P s = ω s ( f c 6 ) P s ( f c 6 ) + ω s ( f c 7 ) P s ( f c 7 ) + ω s ( s p p ) P s ( s p p ) ω s ( f c 6 ) + ω s ( f c 7 ) + ω s ( s p p ) - - - ( 12 )
P p = ω p ( f c 6 ) P p ( f c 6 ) + ω p ( f c 7 ) P p ( f c 7 ) + ω p ( s p p ) P p ( s p p ) ω p ( f c 6 ) + ω p ( f c 7 ) + ω p ( s p p ) - - - ( 13 )
P t = ω t ( f c 6 ) P t ( f c 6 ) + ω t ( f c 7 ) P t ( f c 7 ) ω t ( f c 6 ) + ω t ( f c 7 ) - - - ( 14 )
P o = ω s P s + ω p P p + ω t P t ω s + ω p + ω t - - - ( 15 )

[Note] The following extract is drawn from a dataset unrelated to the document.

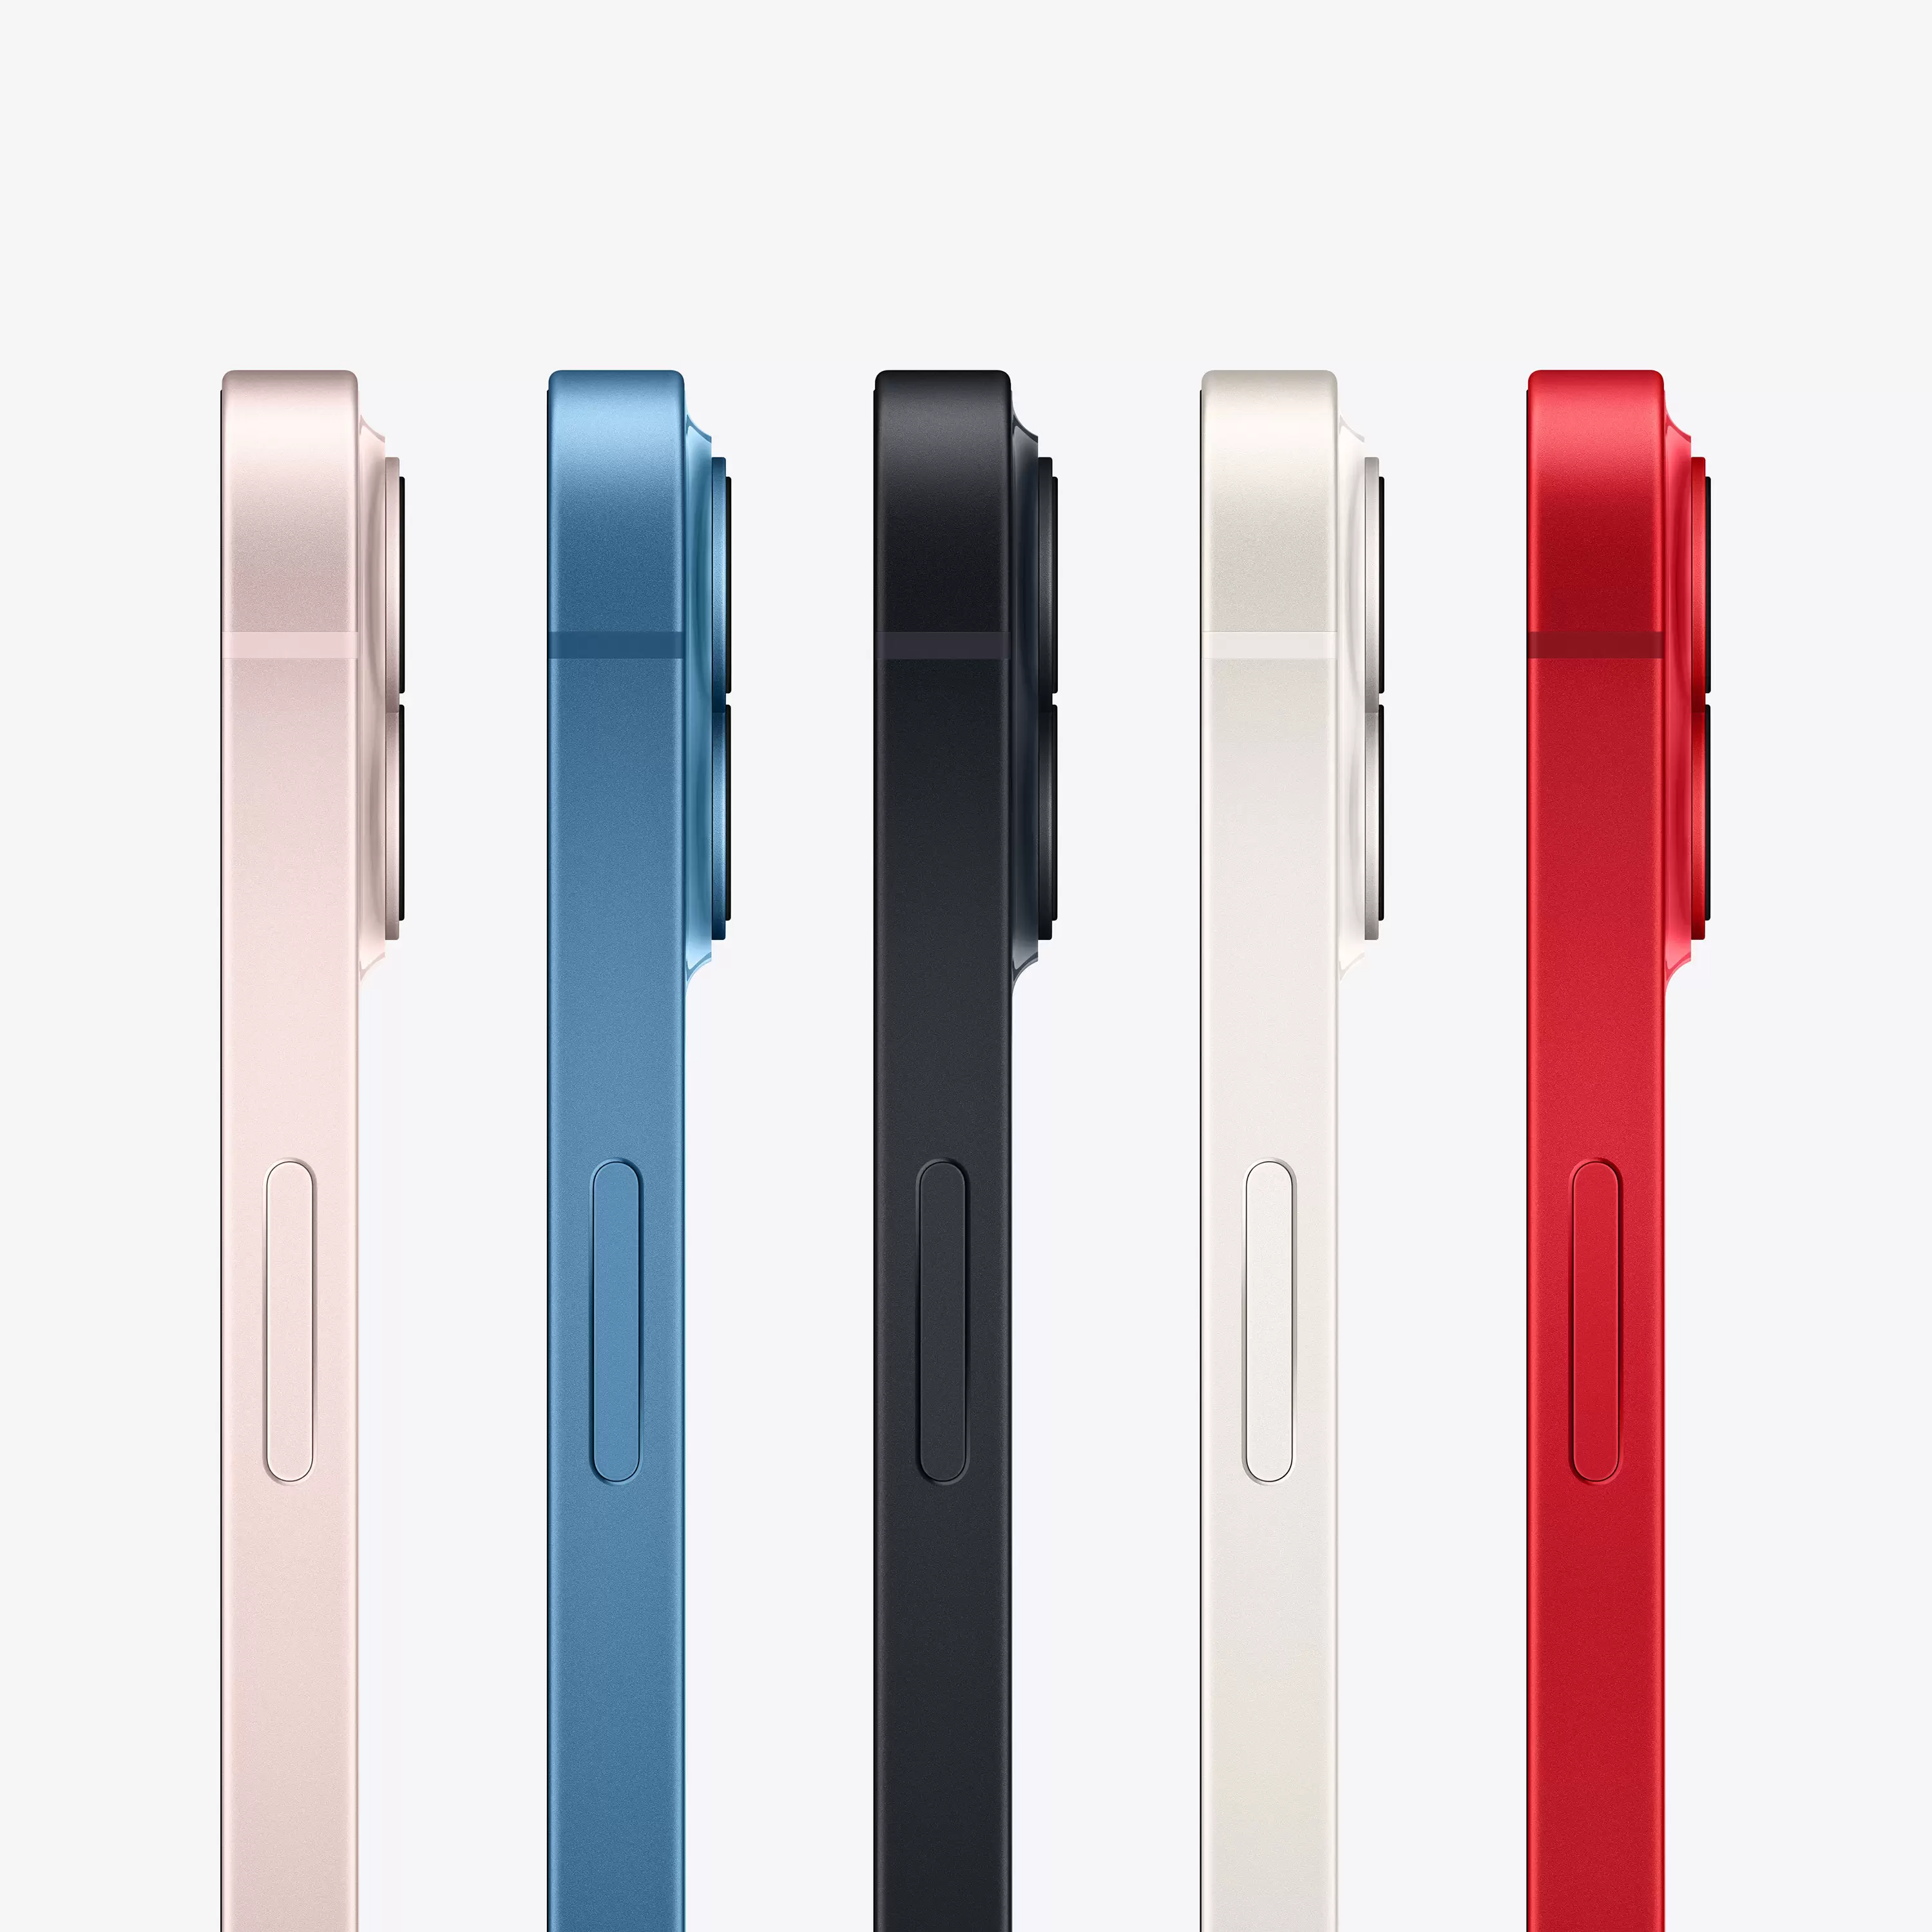 Apple iPhone 13 mini 256GB -Красный | Магазин Apple

Wherein, Ps, PpAnd PtRepresent respectively and based on CNN semantic modules, CNN scene module and LSTM tfi module sentence Certainly score;ωs、ωpAnd ωtIt is respectively the verification that CNN semantic modules, CNN scene module are corresponding with LSTM tfi module Collection mAP value;Ps (fc6)、Ps (fc7)And Ps (spp)It is respectively corresponding the adjudicating of FC6, FC7, SPP feature in CNN semantic modules Point;WithBe respectively FC6, FC7, SPP feature in CNN semantic modules corresponding checksum set mAP Value;WithIt is respectively the judgement score that in CNN scene module, FC6, FC7, SPP feature is corresponding; WithIt is respectively the checksum set mAP value that in CNN scene module, FC6, FC7, SPP feature is corresponding;Pt (fc6)And Pt (fc7) It is respectively the judgement score that in LSTM tfi module, FC6, FC7 feature is corresponding;WithIt is respectively LSTM sequential mould The checksum set mAP value that in block, FC6, FC7 feature is corresponding.Final sudden and violent probably Video Detection result (confidence level) PoIt is to pass through Three modules obtain based on the mode that mAP value is weighted, and see formula (15).

Claims (7)

1. a sudden and violent probably video detecting method based on CNN and LSTM, it is characterised in that:
Specifically include following steps:
The first step, carries out key frame sampling, and extracts key frame feature video to be detected;
Second step, utilizes the key frame feature extracted, carries out expression and the differentiation of video aspect;Including CNN semantic modules VLAD feature representation and SVM differentiate, the scene VLAD feature representation of CNN scene module differentiates with SVM, and LSTM The LSTM of tfi module differentiates;
3rd step, result merges: use level convergence strategy based on checksum set mAP value, i.e. for a video to be identified, Calculate CNN semantic modules, CNN scene module and the judgement score of LSTM tfi module respectively, then with each module in verification MAP value on collection is weighted merging as weight.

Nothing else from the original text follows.